When lines are being read from the files, they are automatically split in fields according to -F, command line options, which sets comma as delimiter; however, when retrieving lines stored in the array, we have to split() them separately
Breakdown for the first:
FNR==NR # if FNR (input record number in the current input file) equals NR (total num records so far)
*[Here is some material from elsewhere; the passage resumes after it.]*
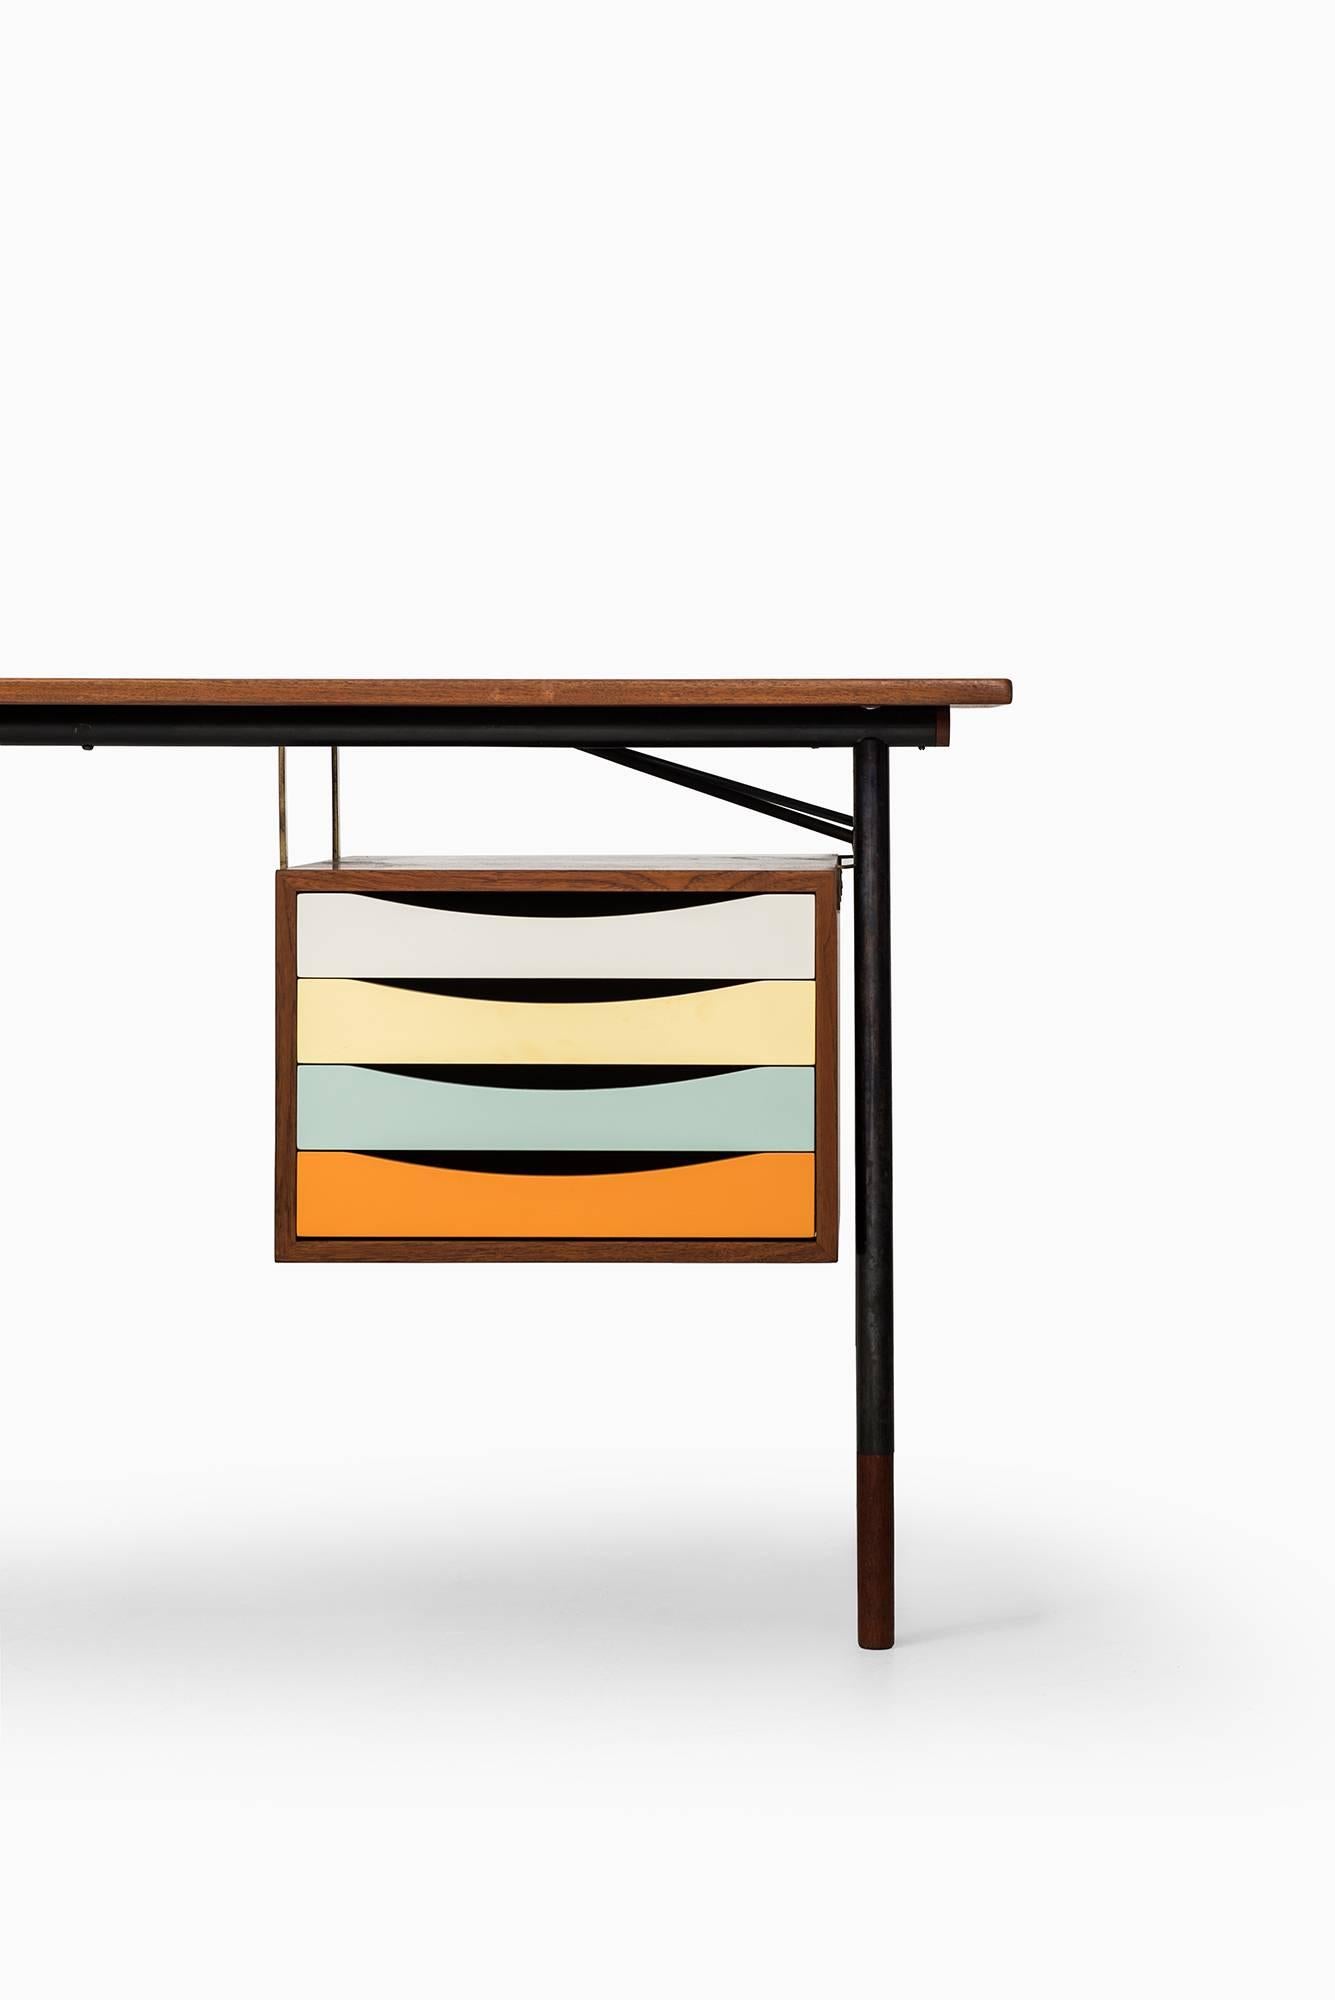 Rare desk model BO-69 / Nyhavn with organizer box designed by Finn Juhl. Produced by Bovirke in Denmark.
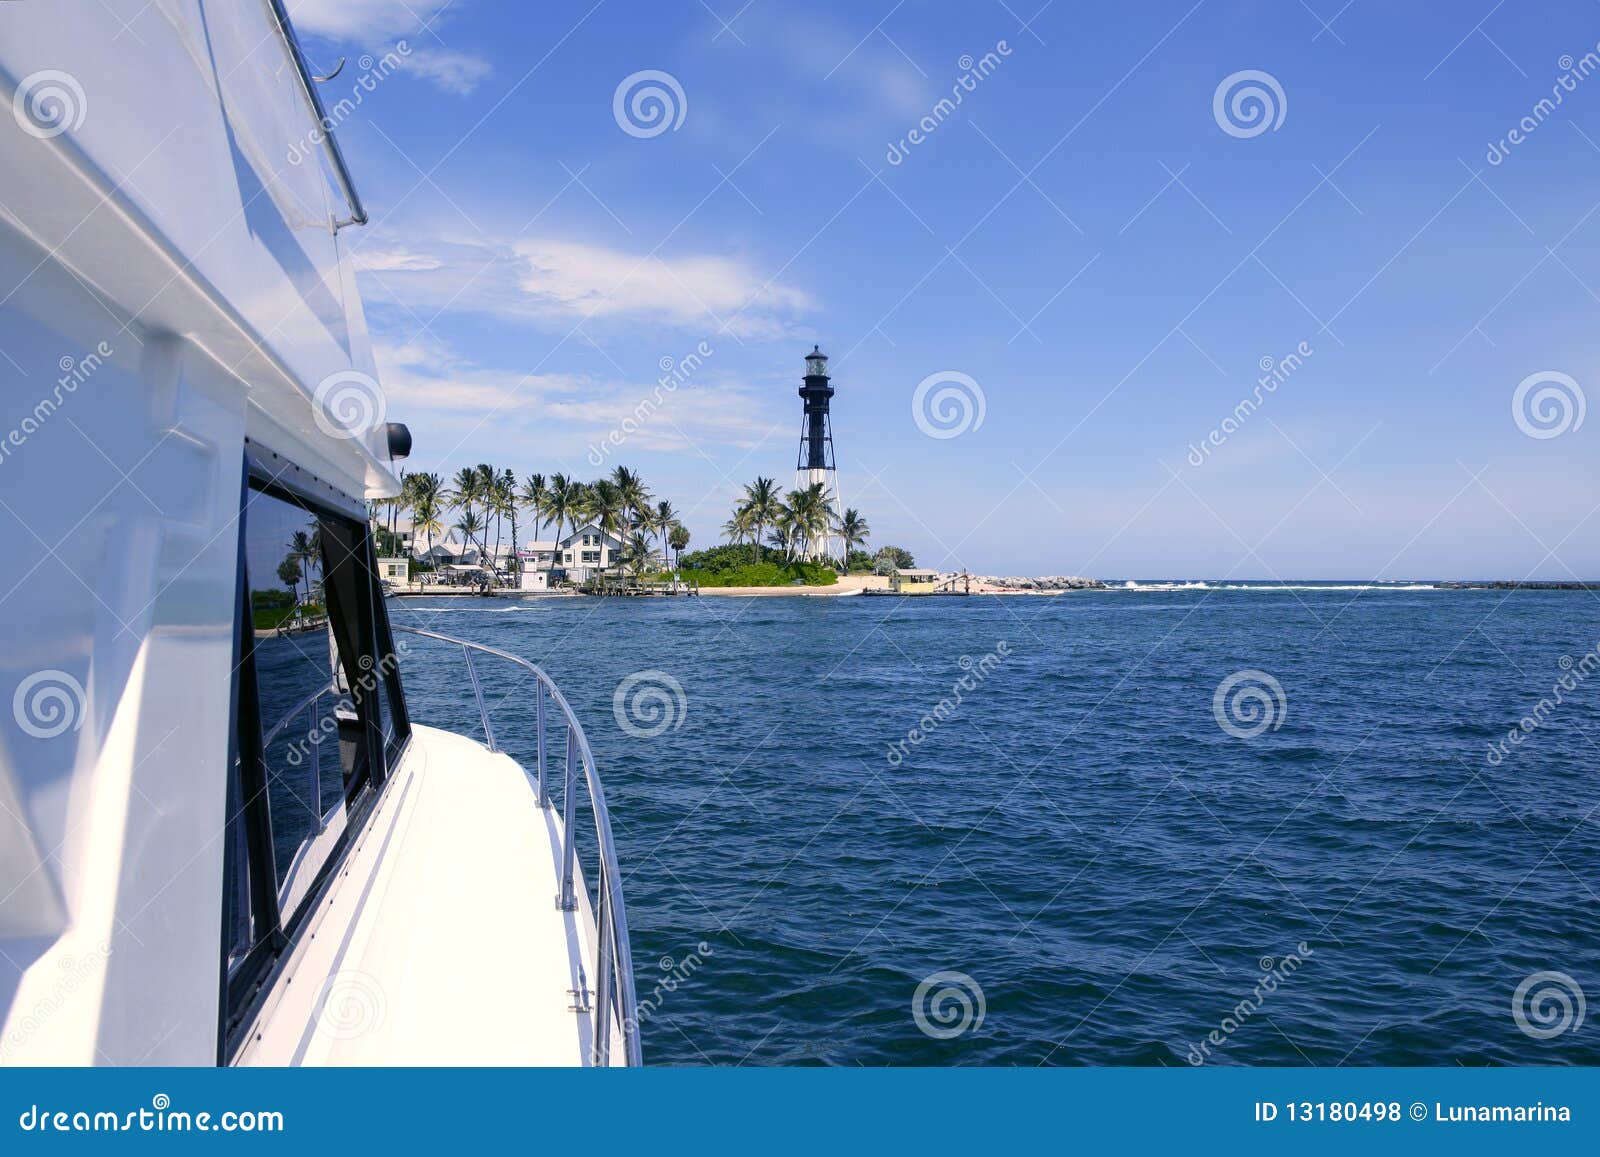 florida lighthouse pompano beach boats

# only true when the first file is being read
{
if(!/^#/) # if the current line does not `!` match regex `/.../` of start `^` with `#`
{
a[$1]=$0; # assign current line `$0` to array `a`, with index/key being first field in current line `$1`
next # skip the rest, and start processing next line
}
}
# --this section below executes when FNR does not equal NR;--
($1 in a) # first, check if first field `$1` of current line is in array `a`
{
split(a[$1],tmp,","); # split entry `a[$1]` at commas into array `tmp`
printf "%d,%s,%s,%s,%d\n",$1,$2,$3,$4,tmp[4]; # print reconstructed current line,
# taking the fourth field from the `tmp` array
}
Breakdown for the second:
BEGIN{ # since no file arguments here, everything goes in BEGIN block
while(getline < "a.csv"){ # while reading lines from first file
if(!/^#/){ # if the current line does not `!` match regex `/.../` of start `^` with `#`
a[$1]=$0; # store current line `$0` to array `a`, with index/key being first field in current line `$1`
}
}
close("a.csv");
while(getline < "b.csv"){ # while reading lines from second file
if($1 in a){ # first, check if first field `$1` of current line is in array `a`
split(a[$1],tmp,","); # (same as above)
printf "%d,%s,%s,%s,%d\n",$1,$2,$3,$4,tmp[4]; # (same as above)
}
}
close("b.csv");
} # end BEGIN
Note about the execution with FNR==NR:
$ awk -F, 'FNR==NR{print "-";} (1){print;}' a.csv b.csv # or:
$ awk -F, 'FNR==NR{print "-";} {print;}' a.csv b.csv
-
#product_id,product_name,brand_name,price
-
1,pname1,bname1,100
-
10,pname10,bname10,200
-
20,pname20,bname20,300
#product_id,product_category,product_name,brand_name,price
3,pcat3,pname3,bname3,42
10,pcat10,pname10,bname10,199
20,pcat20,pname20,bname20,299
30,pcat10,pname30,bname30,420
$ awk -F, 'FNR==NR{print "-";} FNR!=NR{print;}' a.csv b.csv
-
-
-
-
#product_id,product_category,product_name,brand_name,price
3,pcat3,pname3,bname3,42
10,pcat10,pname10,bname10,199
20,pcat20,pname20,bname20,299
30,pcat10,pname30,bname30,420
That means that the "this section below executes when FNR does not equal NR;" comment above is in principle wrong - even if that is how that particular example ends up behaving.